Day 40 — Playing with poppler utils

Today I replaced some ghostscript code in camelot with a pdftoppm subprocess call just to see if the tests pass. They did! I think poppler could be the ghostscript alternative that I'm looking for!


  pdftoppm -r 300 -png -singlefile foo.pdf foo

That got me all excited to look into the C++ code for poppler. I had to install libopenjp2-7-dev, libjpeg-dev, libtiff-dev, and libnss3-dev before I could even run cmake to generate all the Makefiles! Later I found out that there were some flags I could set to disable the cmake check for these libraries :(


  mkdir build && cd build && cmake .. && make

Running this built libpoppler.so and all the utils! But since I needed just pdftoppm, I tried to compile the pdftoppm.cc file in the repo with the libpoppler.so shared library that was generated in the last step.

I did the following:

  1. g++ pdftoppm.cc libpoppler.so
  2. Get an "undefined symbol" error.
  3. Guess the header file in which the symbol might be defined.
  4. Run 1 with the -I include for the header file path.
  5. Go to 2.

At the end I had included almost every header file path I could see in the repo, but I was still getting an "undefined symbol" error for a symbol that was supposed to be present in an already included header file! Does the order in which you add these -I flags matter?

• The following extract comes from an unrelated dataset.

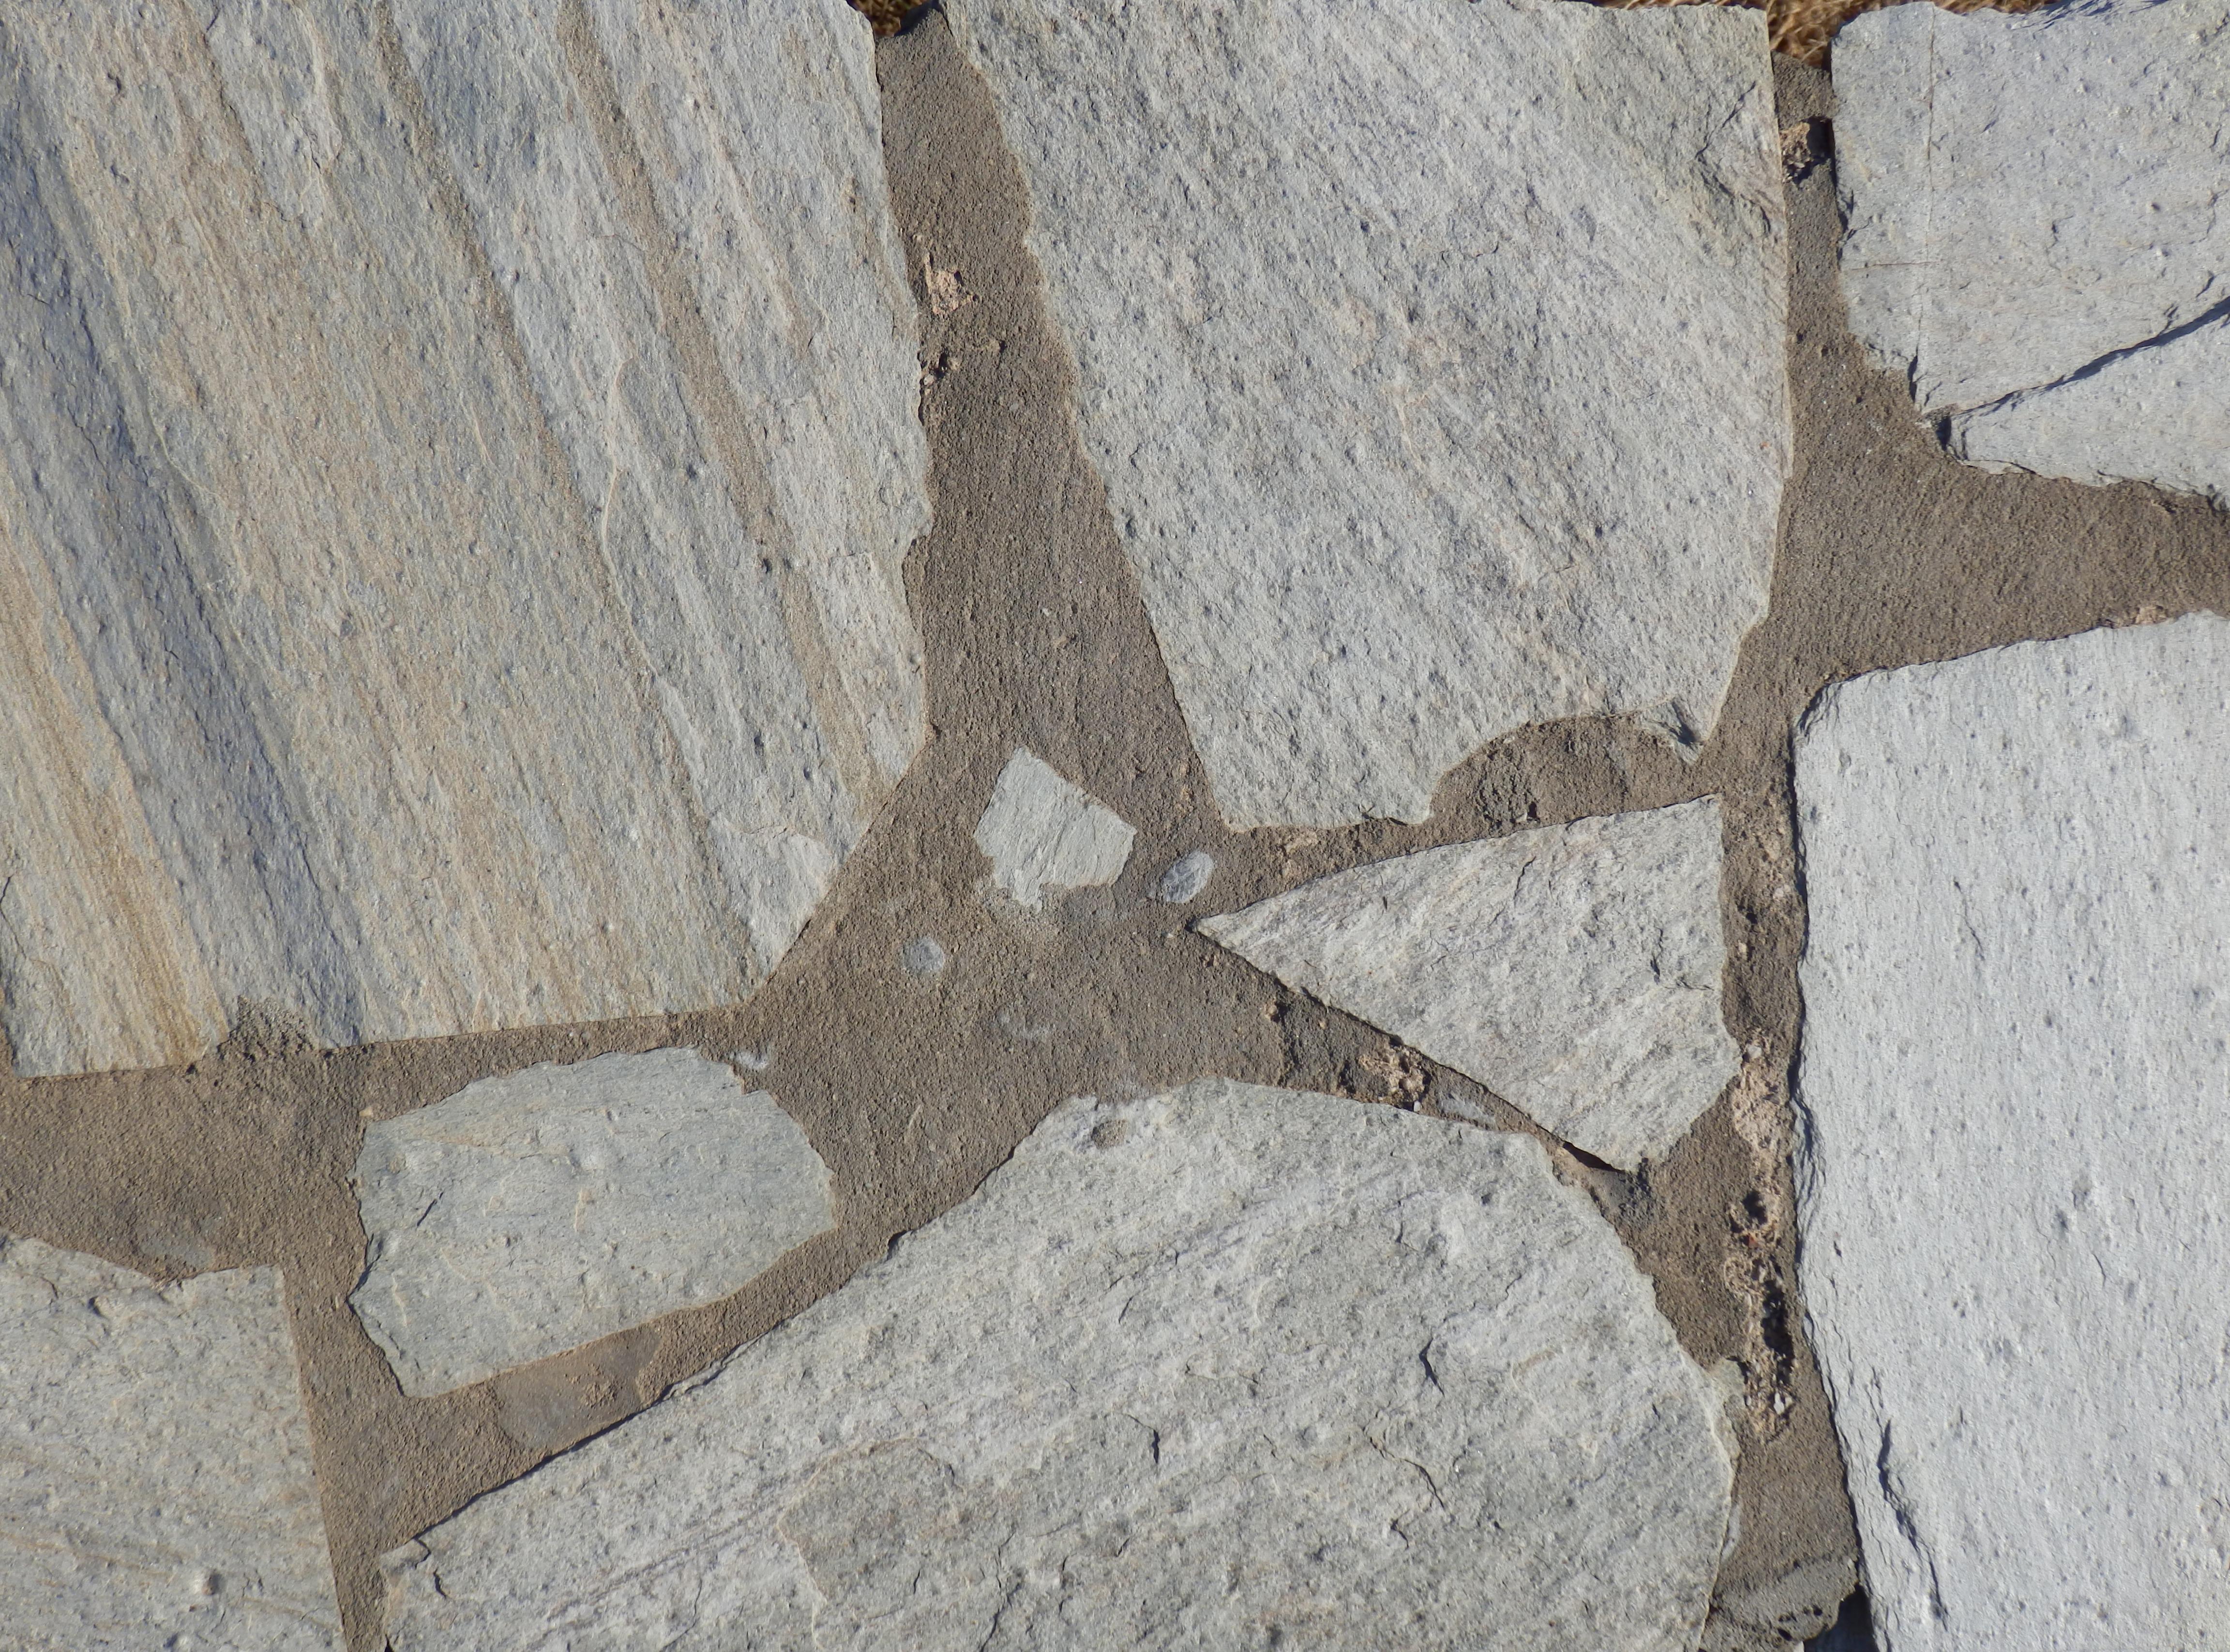 Fotos Gratis Al Aire Libre Rock Madera Textura Piso

After struggling with this for a bit, I learned that I could just supply a VERBOSE=1 variable to make, to make it throw out all the g++ commands it was running! It was awesome to see how a large C++ project is built. First, make built object files out of all C++ files, and then it linked them all together into a shared library!

I also found the g++ command it was running to build the pdftoppm executable.

First, it created an object file pdftoppm.cc.o:


  $ g++ -I/home/vinayak/dev/poppler -I/home/vinayak/dev/poppler/fofi \
    -I/home/vinayak/dev/poppler/goo -I/home/vinayak/dev/poppler/poppler \
    -I/home/vinayak/dev/poppler/build -I/home/vinayak/dev/poppler/build/poppler \
    -I/home/vinayak/dev/poppler/utils -I/home/vinayak/dev/poppler/build/utils \
    -isystem /usr/include/freetype2 -isystem /usr/include/openjpeg-2.3 -isystem /usr/include/cairo \
    -Wall -Wextra -Wpedantic -Wno-unused-parameter -Wcast-align -Wformat-security \
    -Wframe-larger-than=65536 -Wlogical-op -Wmissing-format-attribute -Wnon-virtual-dtor \
    -Woverloaded-virtual -Wmissing-declarations -Wundef -Wzero-as-null-pointer-constant -Wshadow -Wsuggest-override \
    -fno-exceptions -fno-check-new -fno-common -D_DEFAULT_SOURCE \
    -O2 -g -std=c++14 -o pdftoppm.cc.o -c pdftoppm.cc

And then linked it to the shared library libpoppler.so:


  $ g++ -Wall -Wextra -Wpedantic -Wno-unused-parameter -Wcast-align -Wformat-security \
  -Wframe-larger-than=65536 -Wlogical-op -Wmissing-format-attribute -Wnon-virtual-dtor \
  -Woverloaded-virtual -Wmissing-declarations -Wundef -Wzero-as-null-pointer-constant \
  -Wshadow -Wsuggest-override -fno-exceptions -fno-check-new -fno-common -D_DEFAULT_SOURCE \
  -O2 -g -Wl,--as-needed utils/CMakeFiles/pdftoppm.dir/parseargs.cc.o utils/CMakeFiles/pdftoppm.dir/Win32Console.cc.o \
  pdftoppm.cc.o -o pdftoppm -Wl,-rpath,/home/vinayak/dev/poppler/build: libpoppler.so.103.0.0

I ran these steps manually and the executable seemed to work!


  $ pdftoppm --help

Now I need to figure out what all the -W flags are being used for, and if parseargs.cc.o and Win32Console.cc.o are really needed. Why aren't these objects in the shared library already? Is it because they are specific to the command-line executable?

I just know that -Wl,-rpath,/home/vinayak/dev/poppler/build is being used to specify the RPATH for the executable so that the dynamic linker looks for a shared library at this path first, instead of one of the ldconfig paths!

I also want to search for a Python dir() equivalent for C/C++ shared libraries, so that I can look at all the functions that a shared library exports! readelf, objdump, and nm could be used for that I guess, but it would be awesome if the output is simple, just like Python's dir()!